▶ _Exercise prompt_
Starting at the line that contains "Basketbol Süper Ligi: Konyaspor: 89", transcribe each line exactly through the end of the data below, and skip any pictures.

▶ _Collected data_
========================================

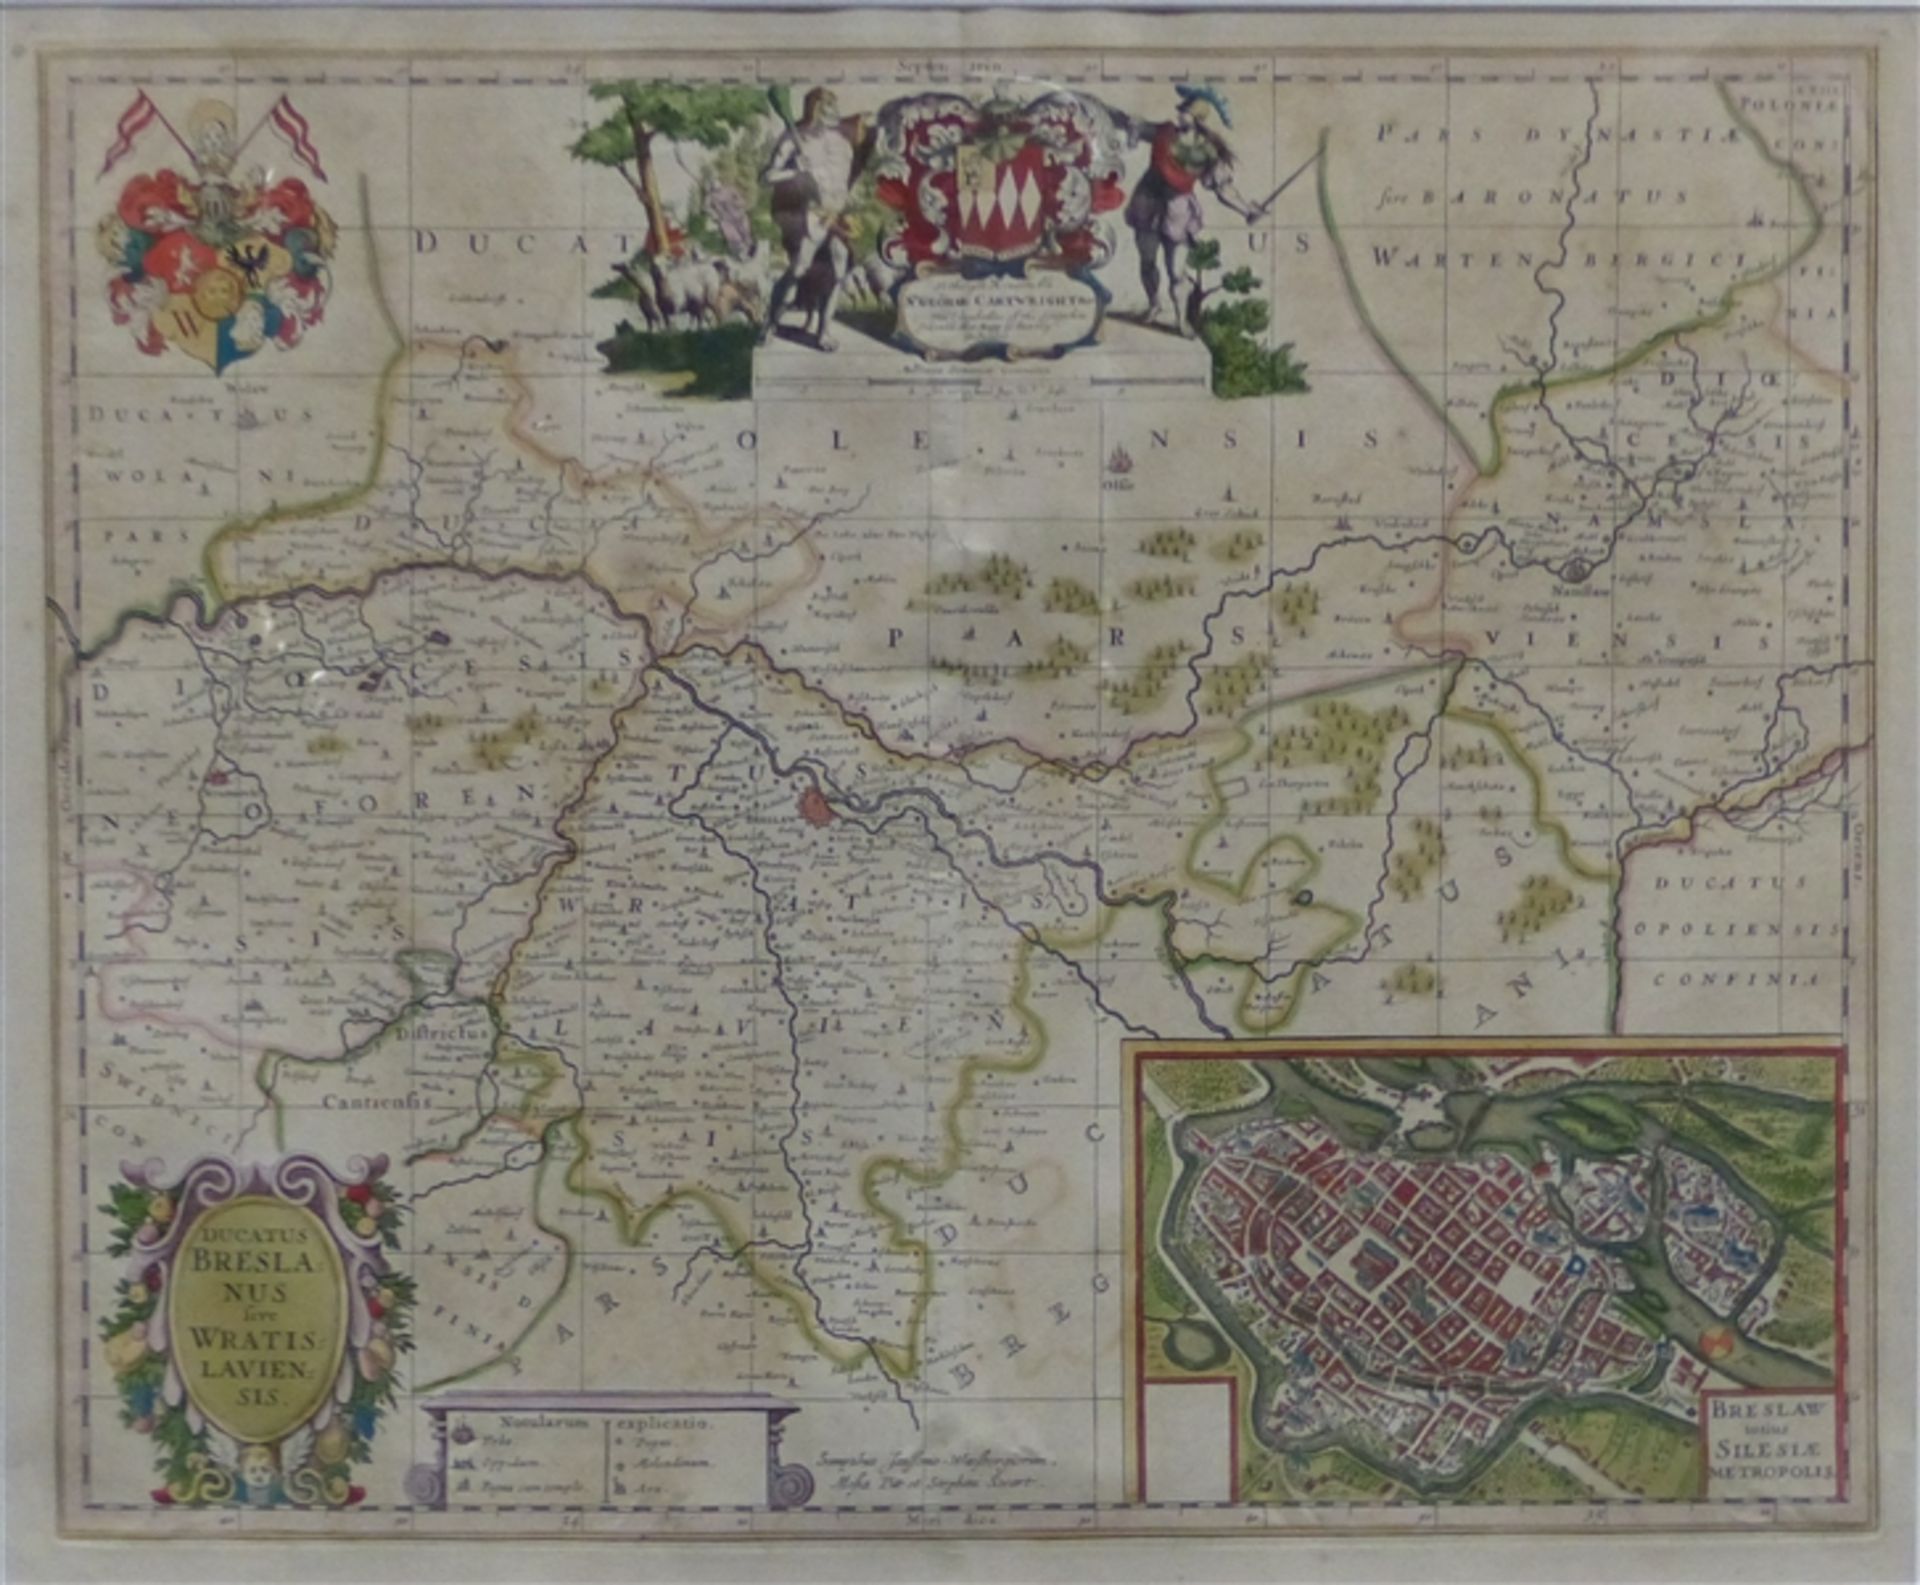 Kupferkarte, 18 Jh. Gegend um Breslau, reich coloriert, Städtemotiv, Wappendekor und Kurzlegende von
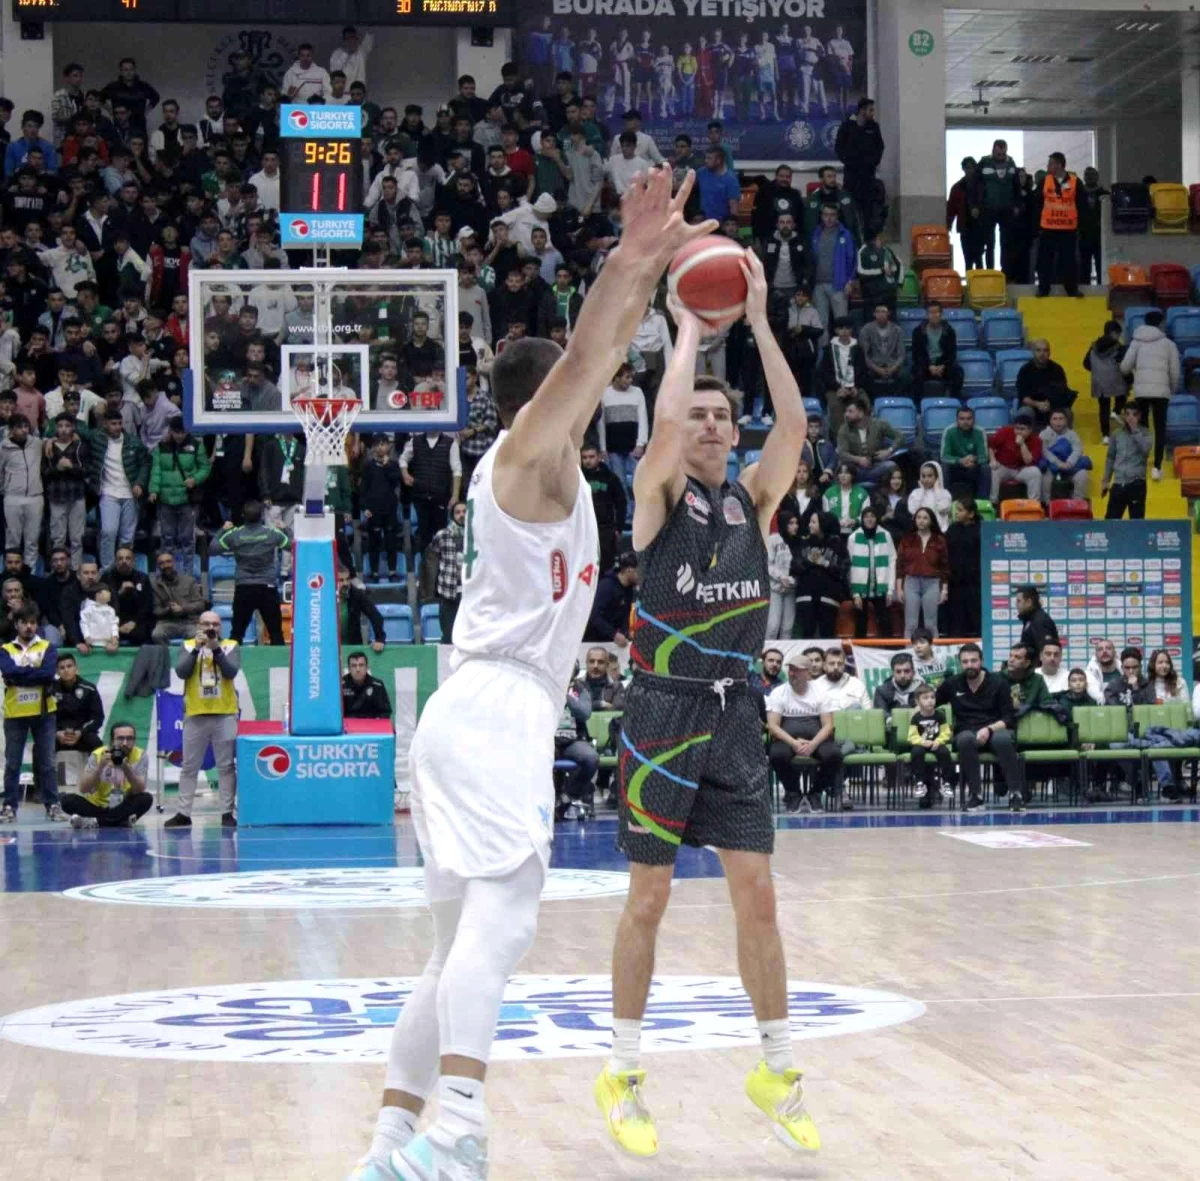 Basketbol Süper Ligi: Konyaspor: 89 Aliağa Petkimspor: 84
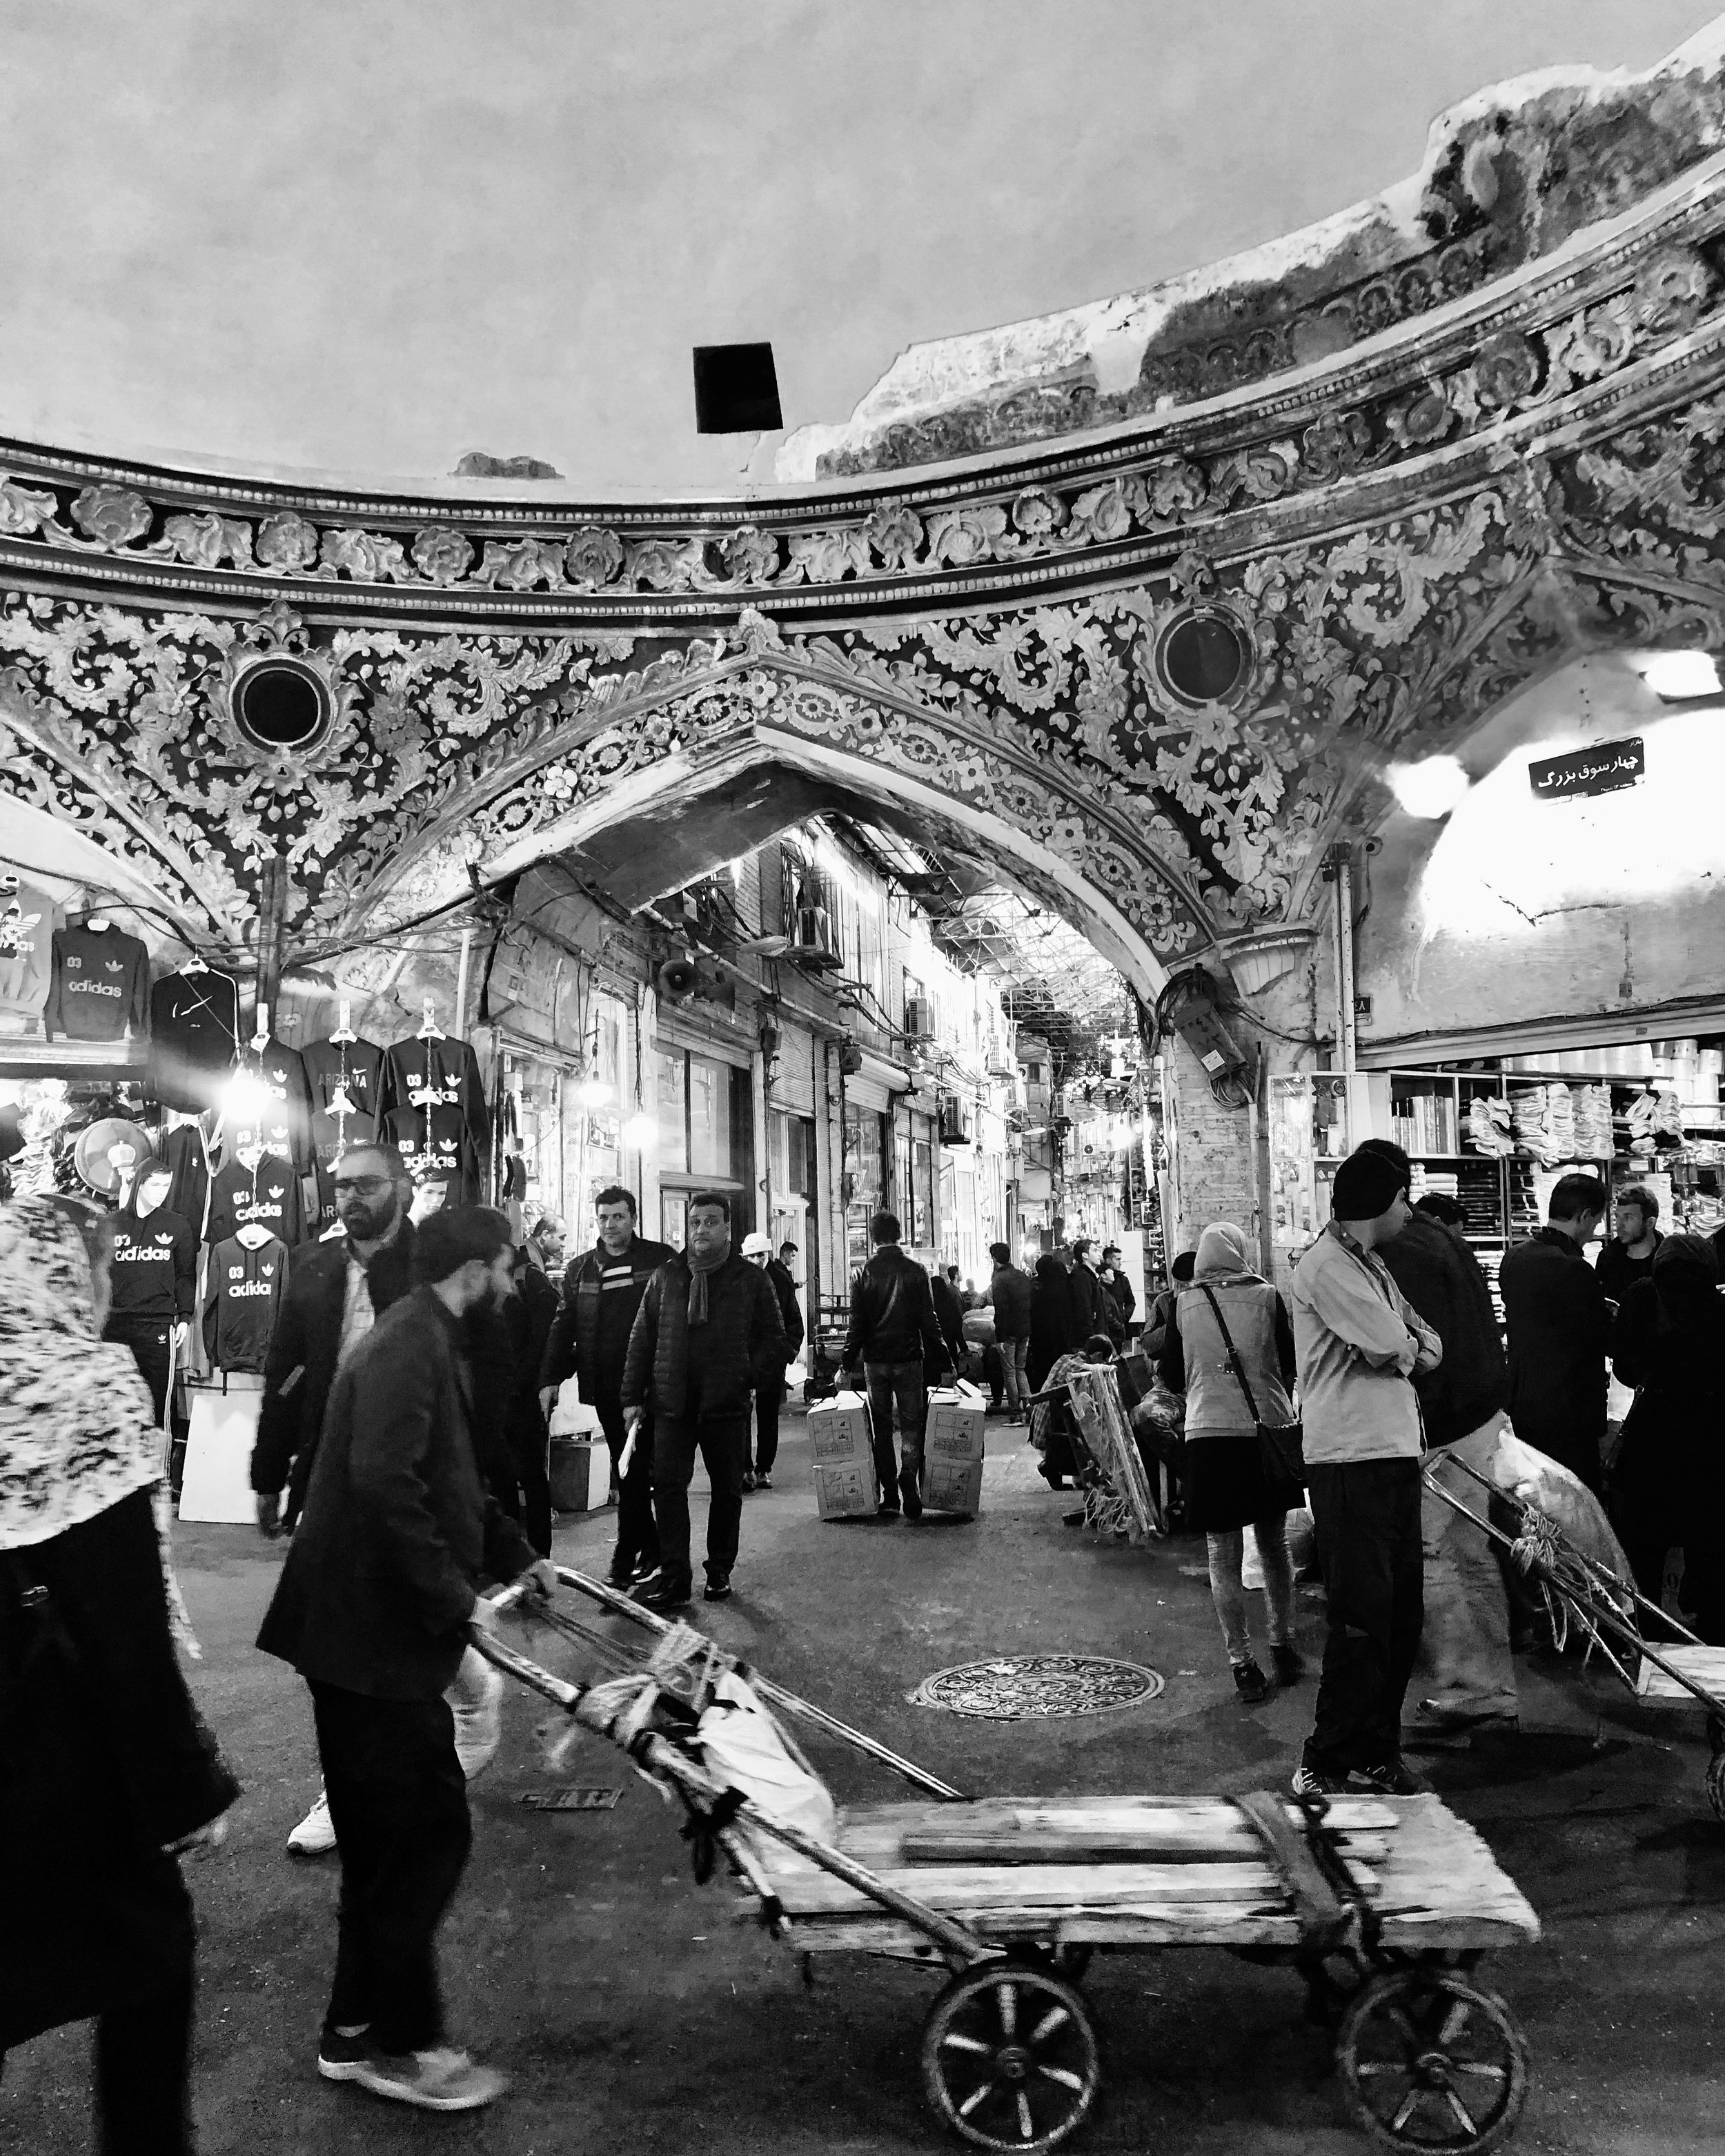  Tehran, Iran, 2018 
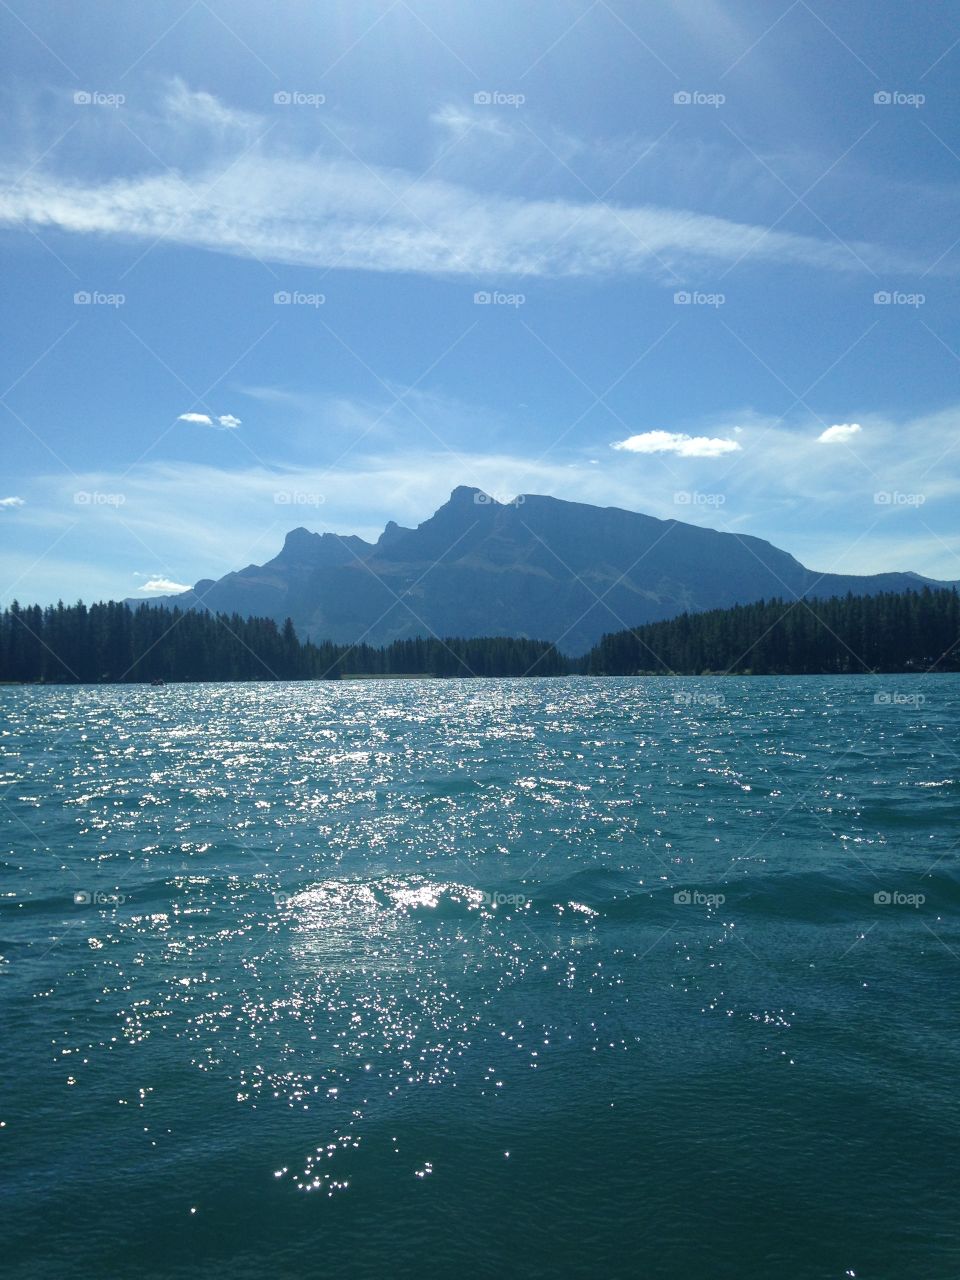 Views of the lake

========================================

▶ _Result for this exercise_
 Basketbol Süper Ligi: Konyaspor: 89 Aliağa Petkimspor: 84
  Tehran, Iran, 2018 
 Views of the lake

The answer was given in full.